Task item ::
Please repeat only the lines below starting at the line that holds "Don Winslow Star" and ending at the line that holds "Classic-style wedding dress, made", exactly, with both of those lines included and every picture omitted.

Material for this task ::
┏━━

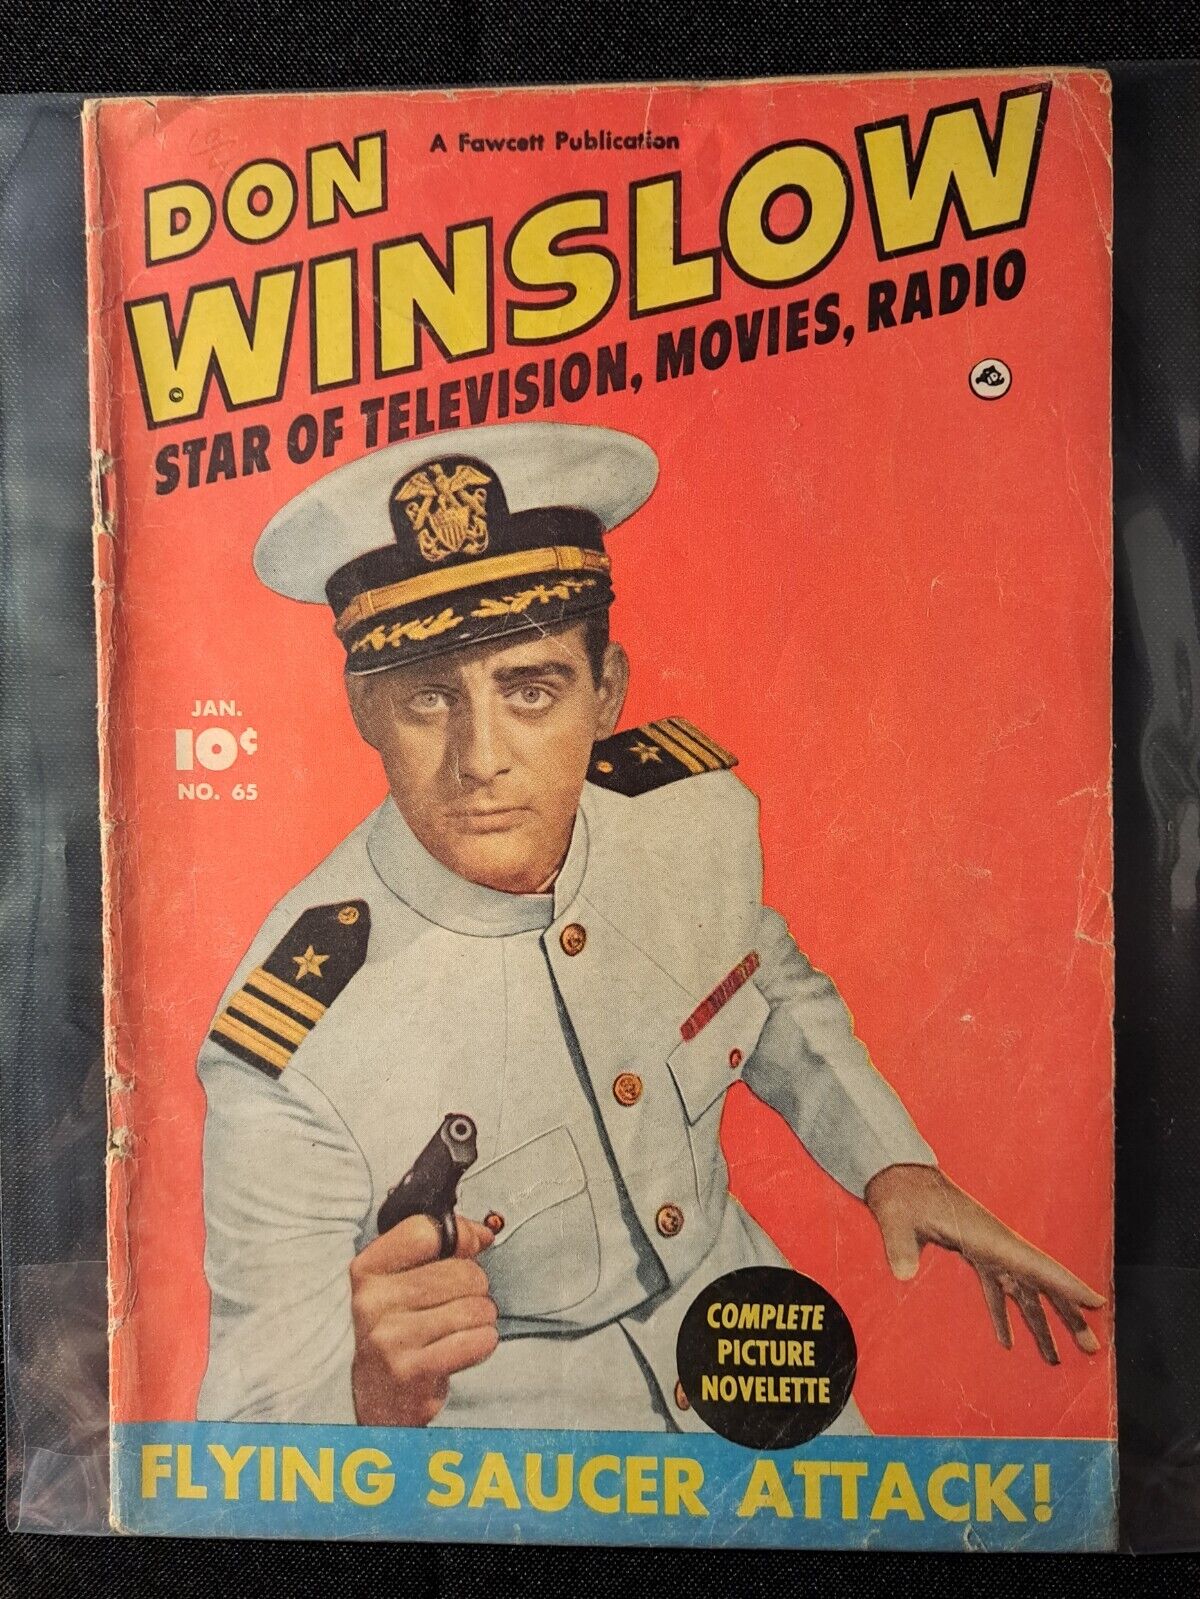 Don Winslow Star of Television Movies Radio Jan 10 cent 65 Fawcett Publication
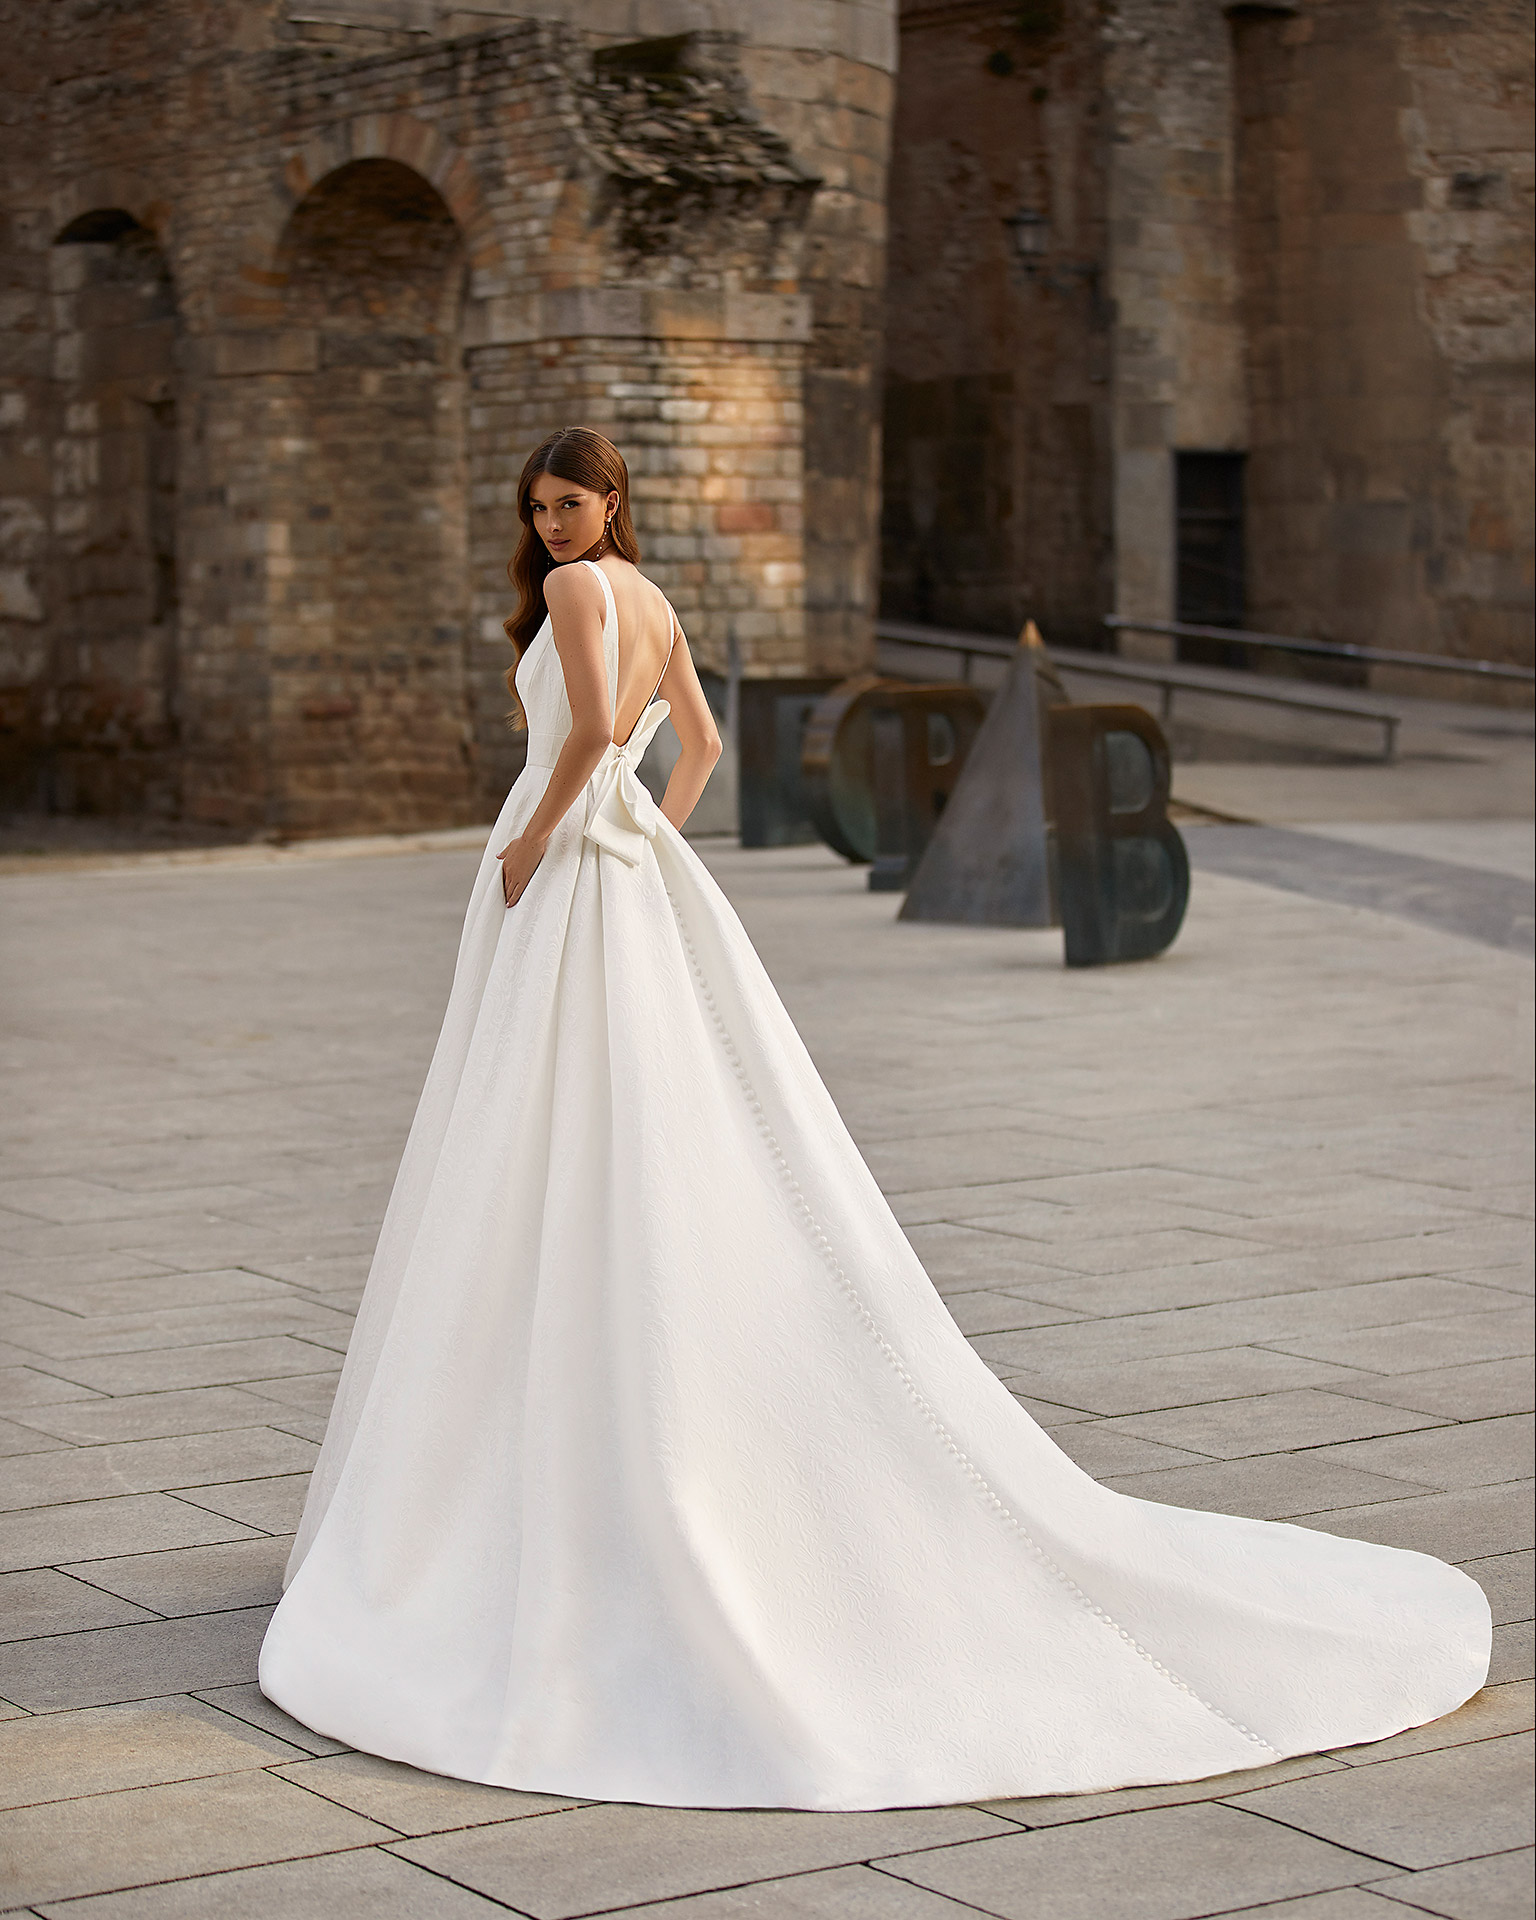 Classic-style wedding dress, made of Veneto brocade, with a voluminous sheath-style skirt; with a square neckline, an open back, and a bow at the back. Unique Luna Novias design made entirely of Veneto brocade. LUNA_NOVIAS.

┗━━
┏━━

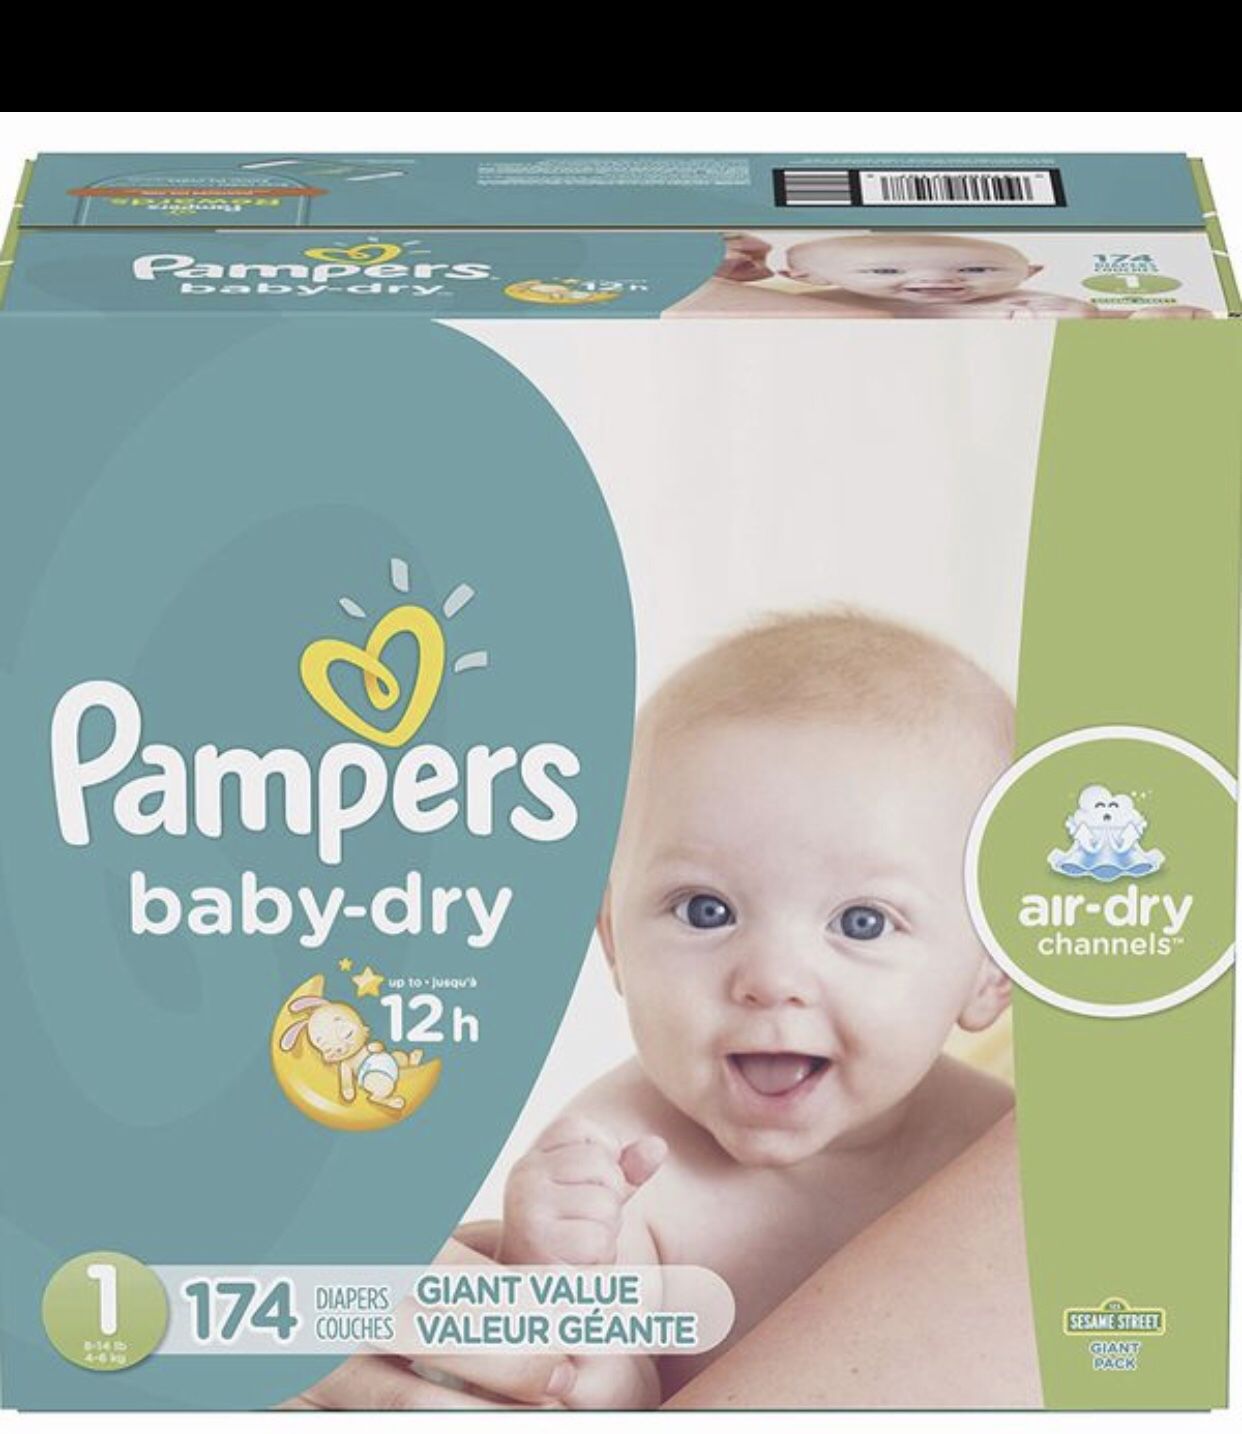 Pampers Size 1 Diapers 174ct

┗━━

Written solution ::
 Don Winslow Star of Television Movies Radio Jan 10 cent 65 Fawcett Publication
 Classic-style wedding dress, made of Veneto brocade, with a voluminous sheath-style skirt; with a square neckline, an open back, and a bow at the back. Unique Luna Novias design made entirely of Veneto brocade. LUNA_NOVIAS.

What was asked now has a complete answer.